Engagement Youth Theater in Tyumen
This small theatre got lucky with its artistic director: Leonid Okunyov is a rare actor who, despite appearing in TV series and films, has not abandoned his native city and its theatre. Instead, he boldly entices young directors from Moscow. As such, the theatre’s repertoire here is rather colorful, ranging from trendy verbatim theatre to plays by the above-mentioned Nikolai Kolyada. There is also an extensive repertoire for children.
Theater of Olonkho in Yakutsk
In 2005, UNESCO declared Yakutia’s national heroic epic, called Olonkho, a masterpiece of human heritage. And ten years ago this theatre, named after the epic, opened in Yakutsk. Its repertoire includes plays largely based on the Yakut national epic tradition (a combination of speech and song). However, this doesn’t prevent them from being understood and appreciated elsewhere, and the theatre has successfully performed internationally – in Spain and Belgium.
Tatar State Drama Theater in Almetyevsk
Almetyevsk is a city with a population of 150,000 that is located 250 km from Kazan, the capital of Tatarstan. The theatre is one of the city’s main attractions. Recently, it has become well known throughout Russia thanks to its cooperation with the ambitious young director Iskander Sakayev. The fact that its performances are in the Tatar language has not stopped them from receiving recognition at various festivals, thus demonstrating not just the diversity, but also the unity of theatrical traditions. Its repertoire includes plays based on Lermontov, Shakespeare, and Brecht.
Drama Theatre in Minusinsk
The theatre has risen in prominence over recent years thanks to its artistic director, Alexei Pesegov. The theatre comes to Moscow almost every year after having been selected by experts at a theatre festival. Its repertoire includes works by Ray Cooney, a popular playwright with Russian directors, as well as classics, such as Nikolai Leskov, Mikhail Bulgakov, and others.

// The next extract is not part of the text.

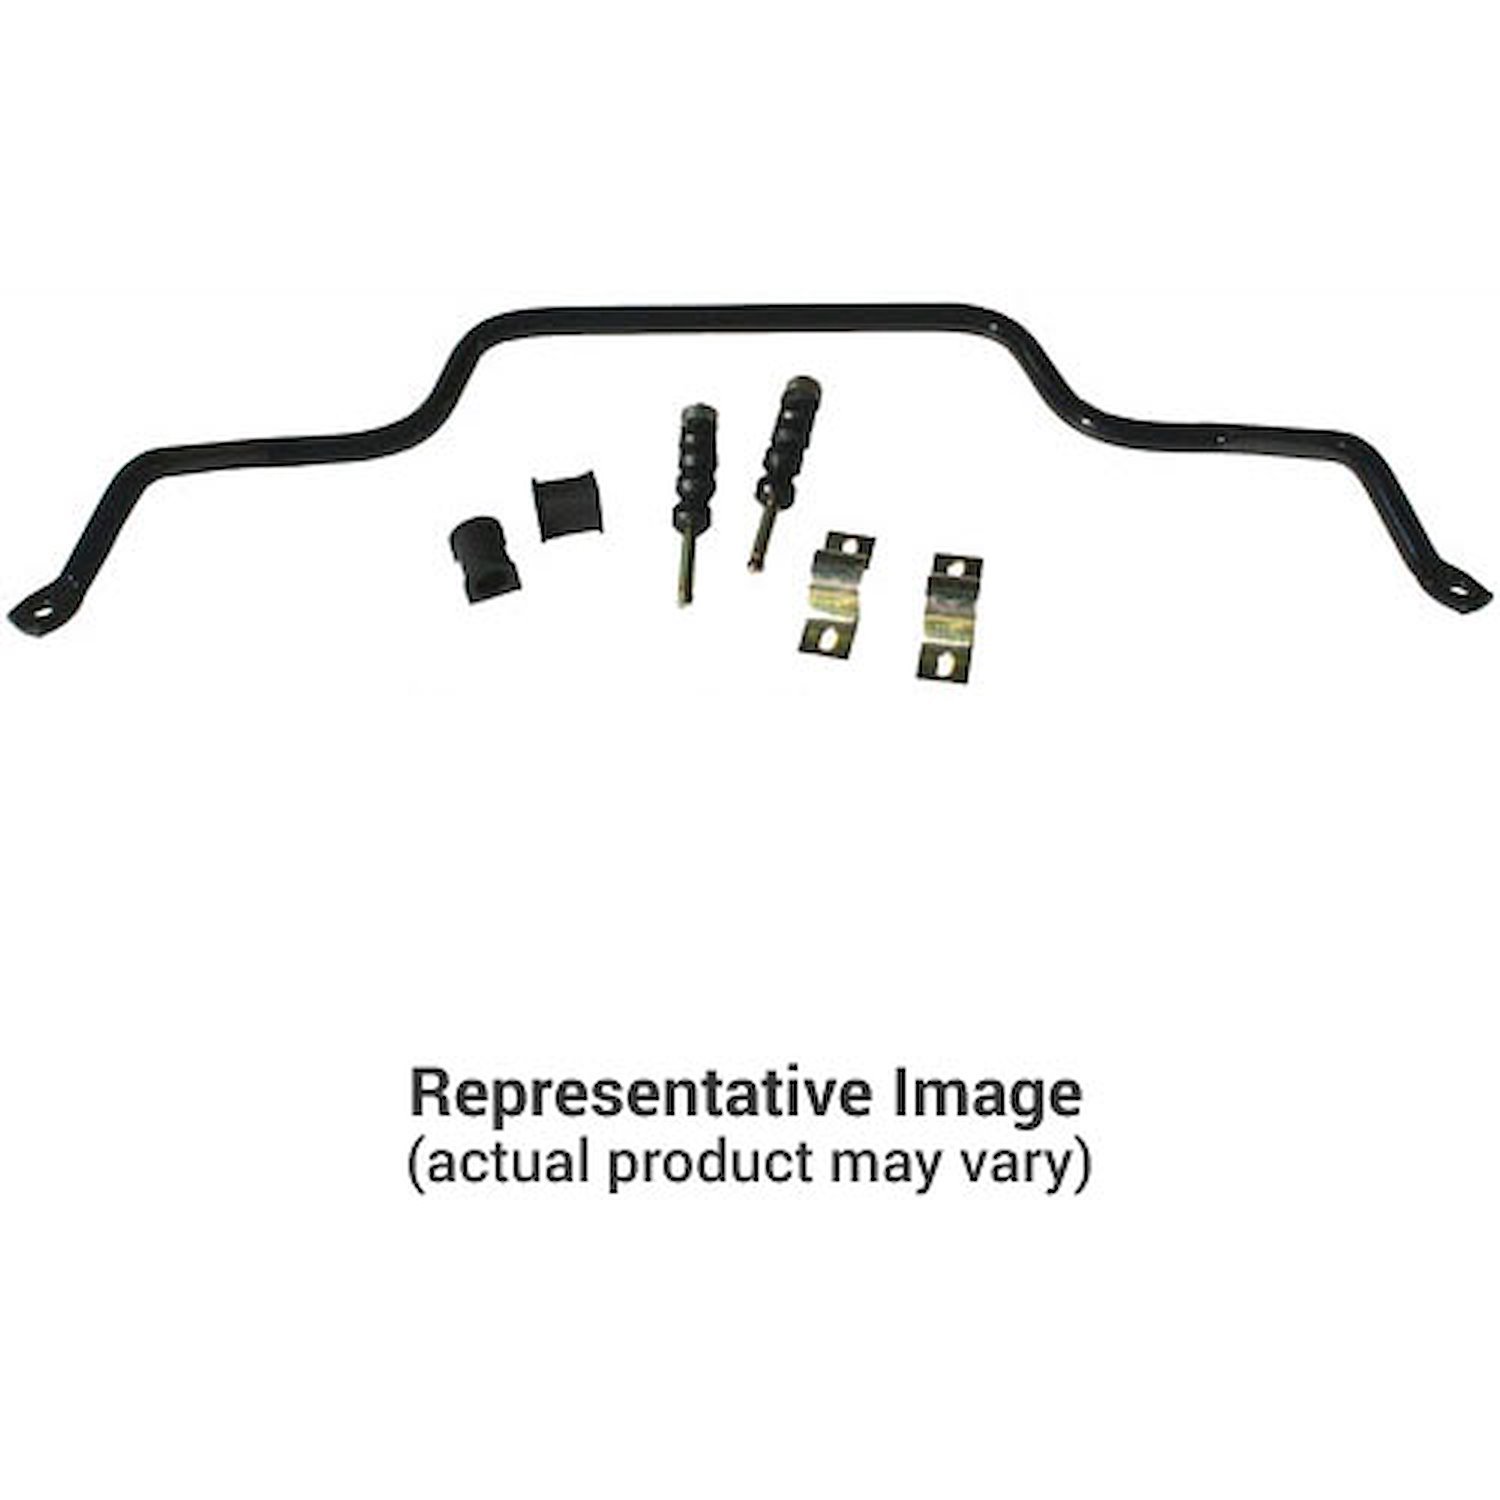 1" Front Sway Bar 1992-96 Prelude

The Youth Theatre in Arkhangelsk
Arkhangelsk is famous as the birthplace of the great scientist and poet Mikhail Lomonosov, and the Youth Theatre has mounted a whole series of historical plays, one of them is dedicated to him. Interestingly, the theatre commissions prominent Russian playwrights to write plays. Like many others, the Youth Theatre exists thanks largely to the efforts of its director, Viktor Panov, who also founded Russia’s first International Street Theatre Festival 30 years ago.
The Gran Theater in Novokuybyshevsk
Denis Bokuradze, a very well-known young director, currently works at this studio theatre. Bokuradze boldly experiments with its repertoire, putting on premieres as wide-ranging as works by Jean-Paul Sartre, medieval French farces or Tania-Tania by the contemporary Russian playwright Olia Mukhina.